Academic Lectures
We have invited several high-level experts and research leaders to give lectures and share your knowledge with you. Here is a short overview of their background and abstracts.
Indre Zliobaite - Evaluation of machine-learned models
University of Helsinki Homepage, Google Scholar
Abstract: This course will focus on methodologies for evaluating machine-learned predictive models when data is not independently and identically distributed (IID). The assumption of IID is classic for state-of-the-art machine learning; however, it is often violated in practical standard settings of contemporary data. Such settings include streaming data, evolving data, concept drift, transfer learning, geo-referenced data, and more. Can we provide any guarantees for model performance under such settings, and if so, how do we quantify the uncertainty? The course will recap the classical evaluation of machine-learned models under IID before discussing scenarios where the IID assumption is violated, and the ground truth is mainly absent. Concepts will be illustrated with case studies in knowledge discovery around change processes in nature and society.

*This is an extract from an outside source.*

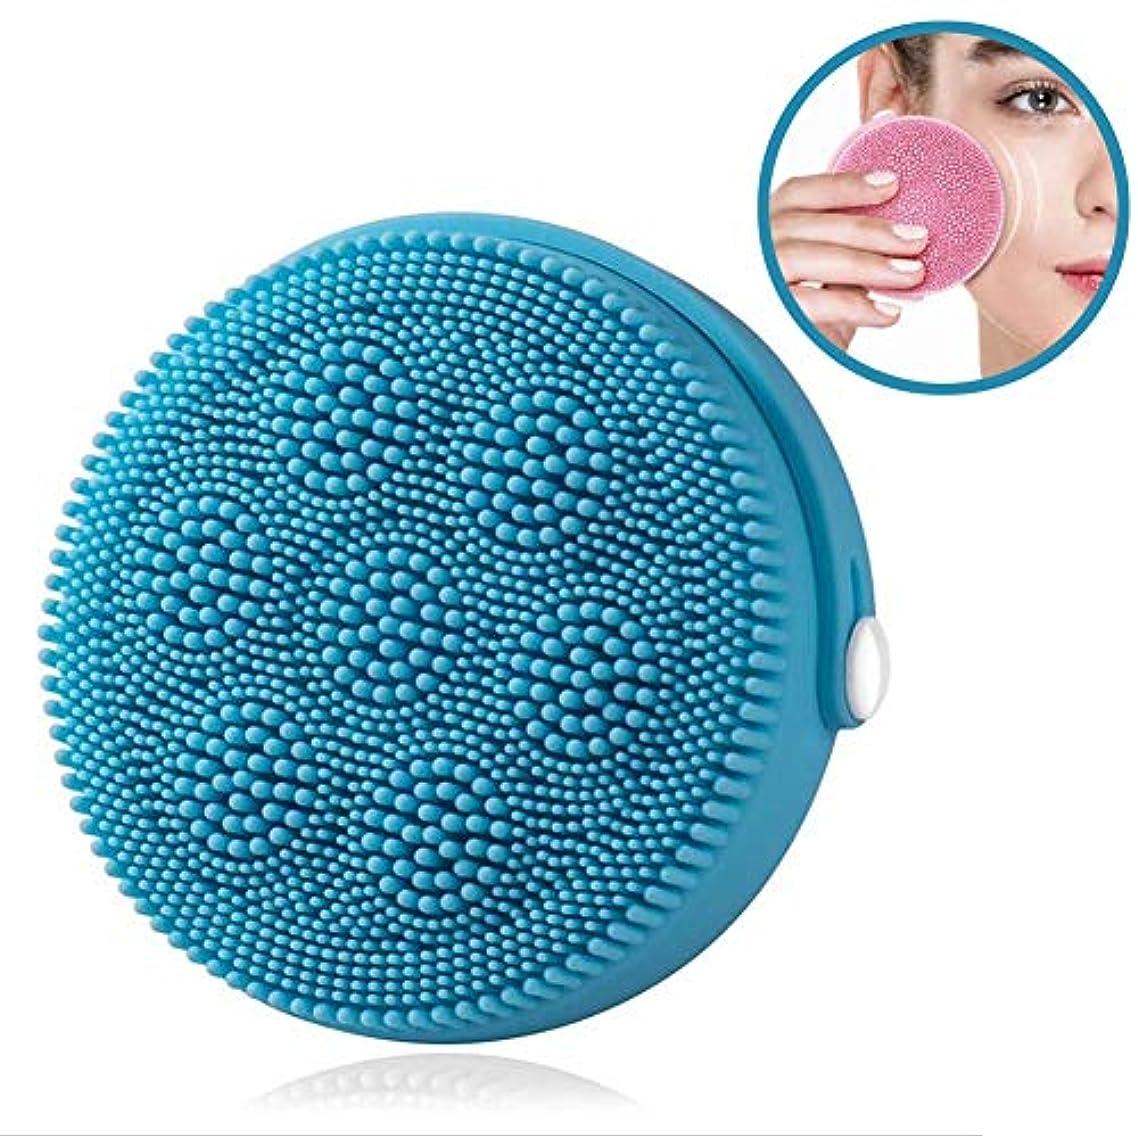 深さ定規箱電動洗顔ブラシ - USB 充電 携帯用電動シリコンフェイスクレンジングブラシ 6速メモリモード 全身防水 洗浄機毛穴クリーナーホーム顔美容機器ホーム

Bio: Indrė Žliobaitė is a professor in the Department of Computer Science at the University of Helsinki, where she leads an interdisciplinary research group called Data Science and Evolution. She has contributed methods, tools, and perspectives for learning from evolving data and pioneered algorithmic approaches to fairness-aware machine learning. Her research program focuses on computational approaches for analyzing complex systems and understanding change processes in nature and society.
Dhruv Shah - "Large-Scale Machine Learning for Robotics"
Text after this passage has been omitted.